A scheme of adaptive neural network sliding-mode control is proposed in this paper to deal with highly nonlinear dynamics of robotic manipulators for trajectory tracking. By using a simplified model, a nominal controller is obtained by pole placement design to specify ideal closed-loop dynamics. Then, an adaptive neural network compensator augmented with a sliding-mode disturbance observer (SDOB) compensator for system uncertainties and external disturbances. The SDOB ensures well transient performance and compensates well for unknown perturbation. In addition, the adaptive neural network compensator is used to model an unknown perturbation according to the proposed adaptive law.

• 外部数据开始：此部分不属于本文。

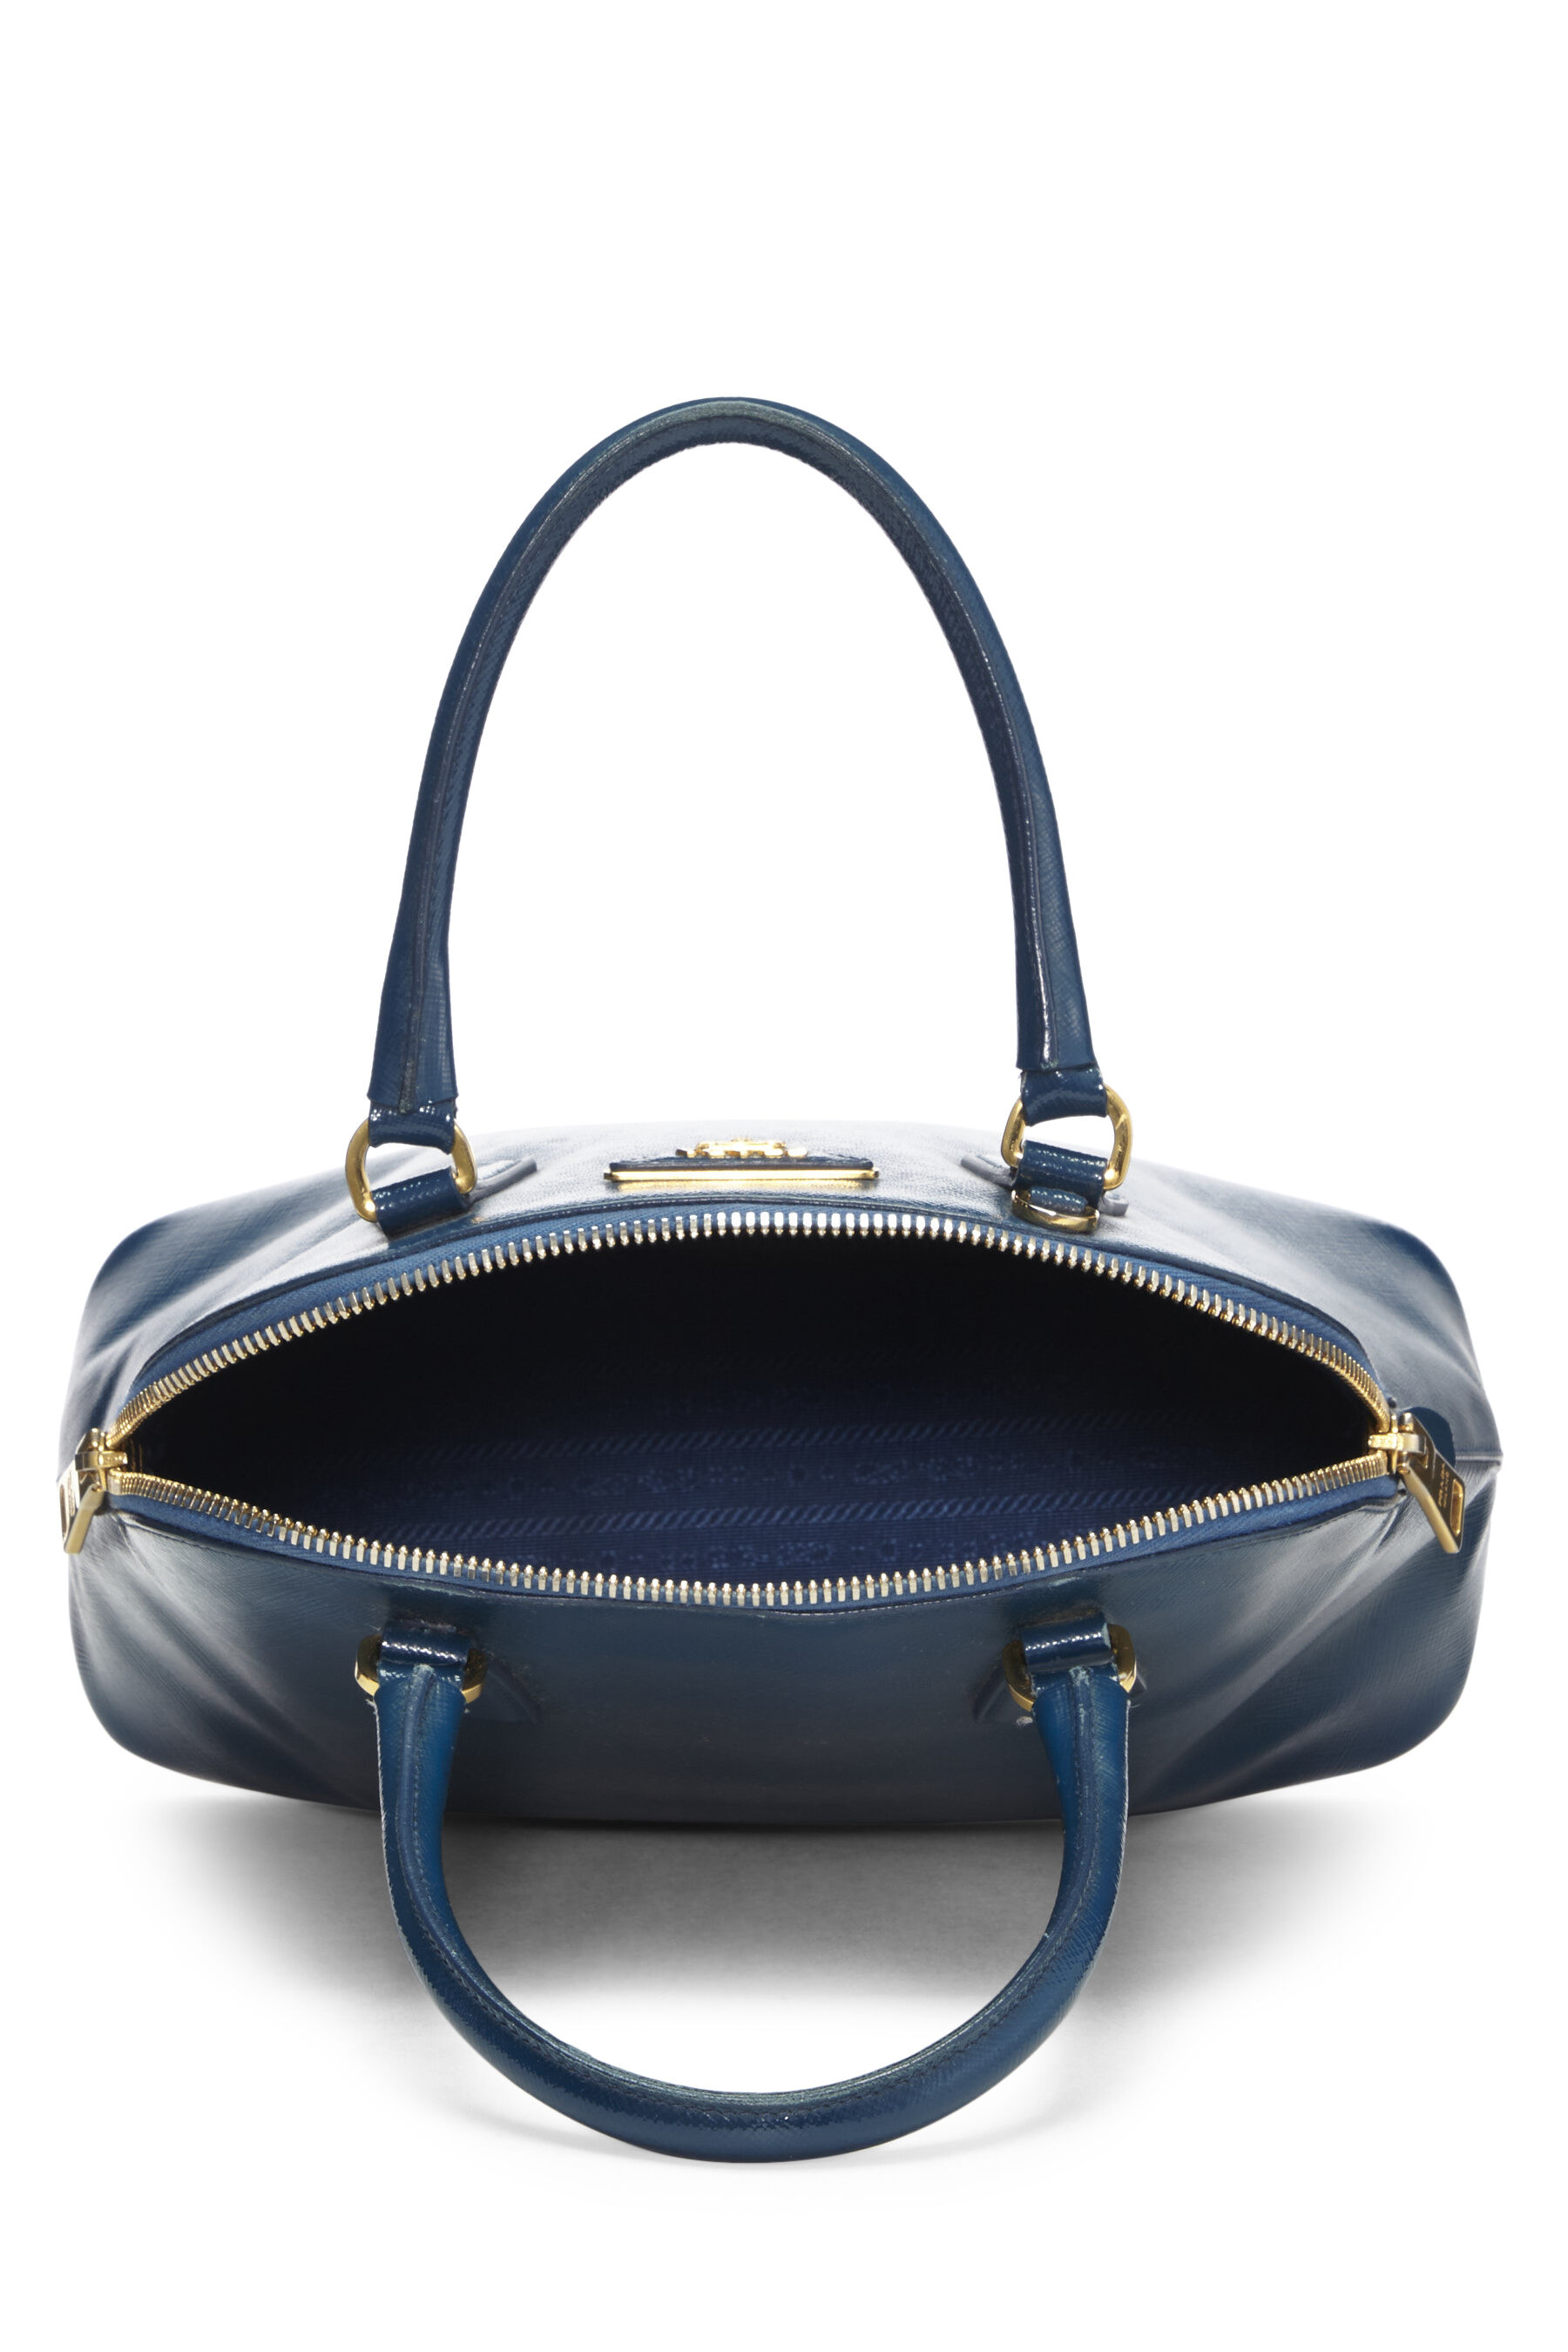 Prada, Bags, Prada Pattina Saffiano Vernice Small Ink Blue Patent Leather  Shoulder Bag
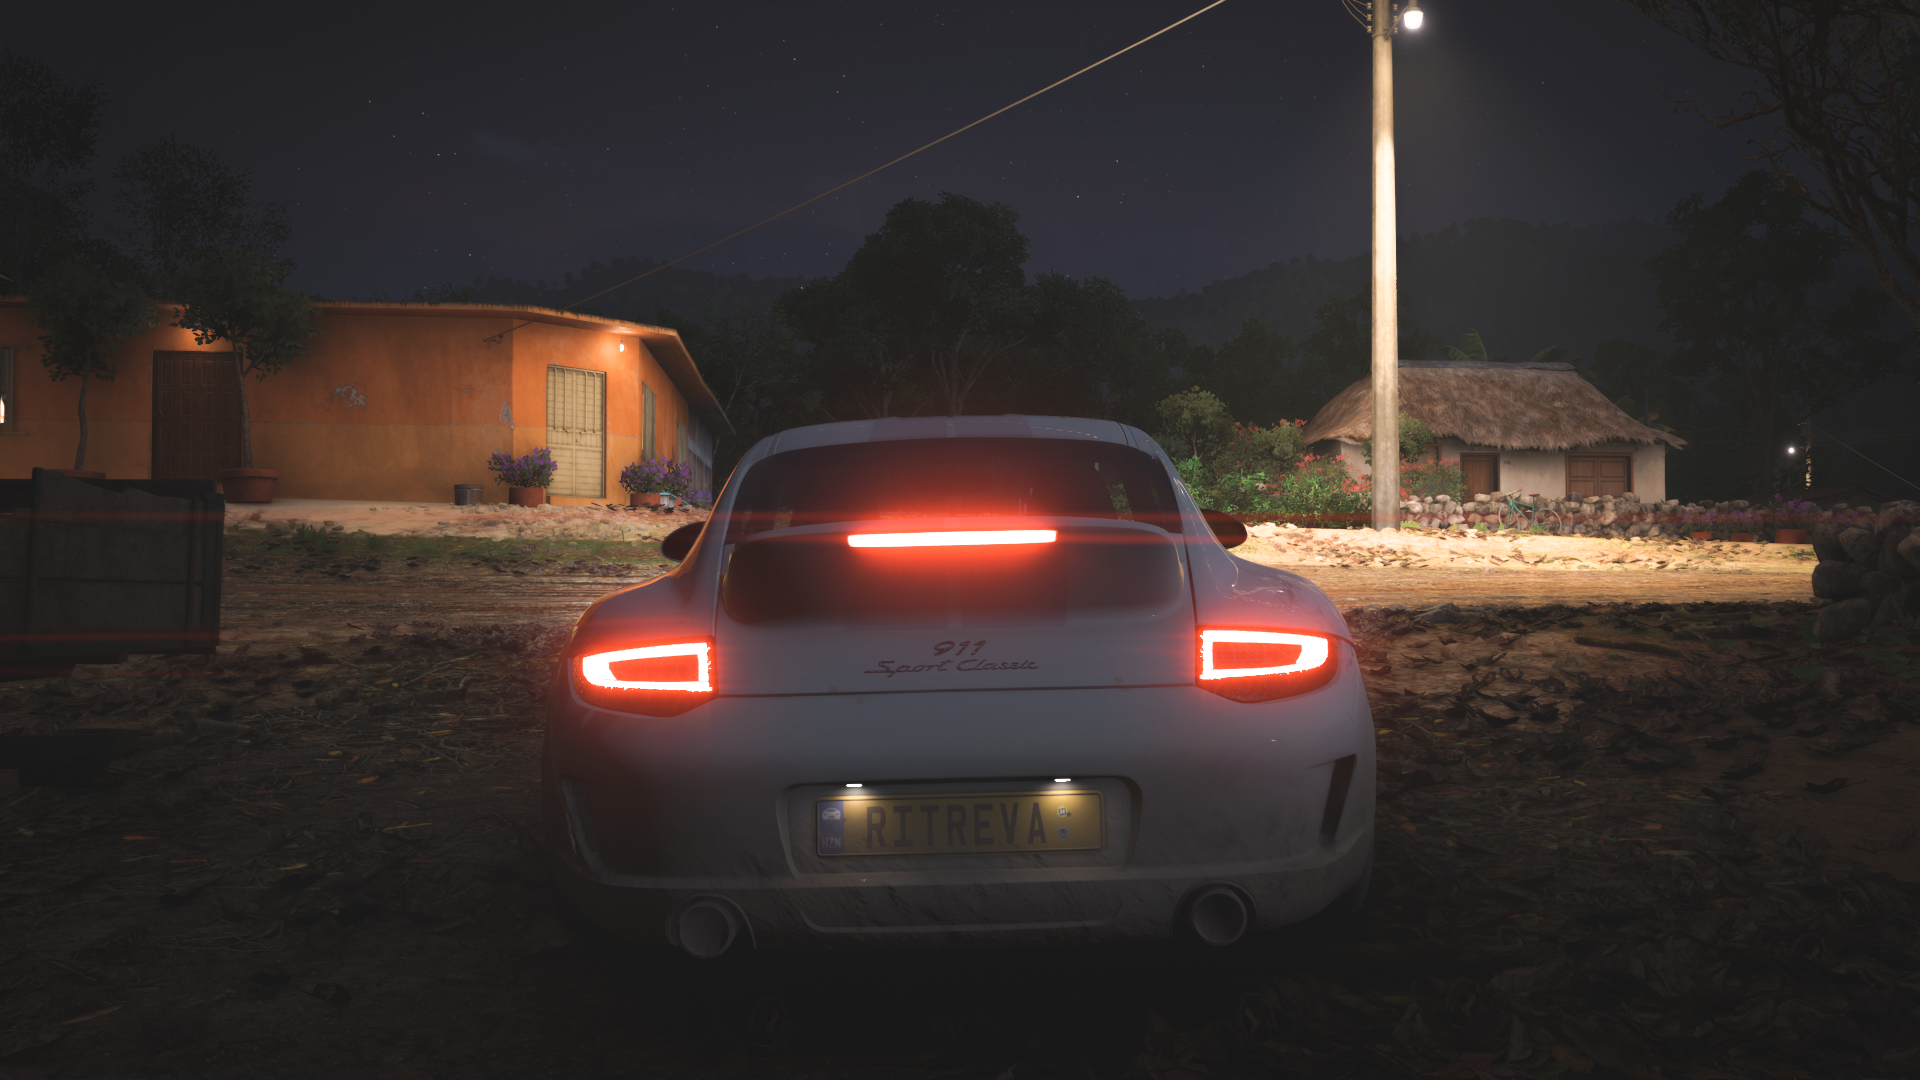 General 1920x1080 Forza Horizon 5 Porsche video game art car

When the perturbation has been well modeled, the control system can efficiently compensate for the perturbation, avoiding the phase-lag problem associated with the SDOB. The experimental system consists of a two-link robotic manipulator and a DSP/FPGA system, that is the control kernel. We employ the C language and VHSIC hardware description language (VHDL) as tools for developing a servo control system. The experimental results of tracking a circular trajectory show that the proposed scheme improves the tracking performance and decreases the tracking error.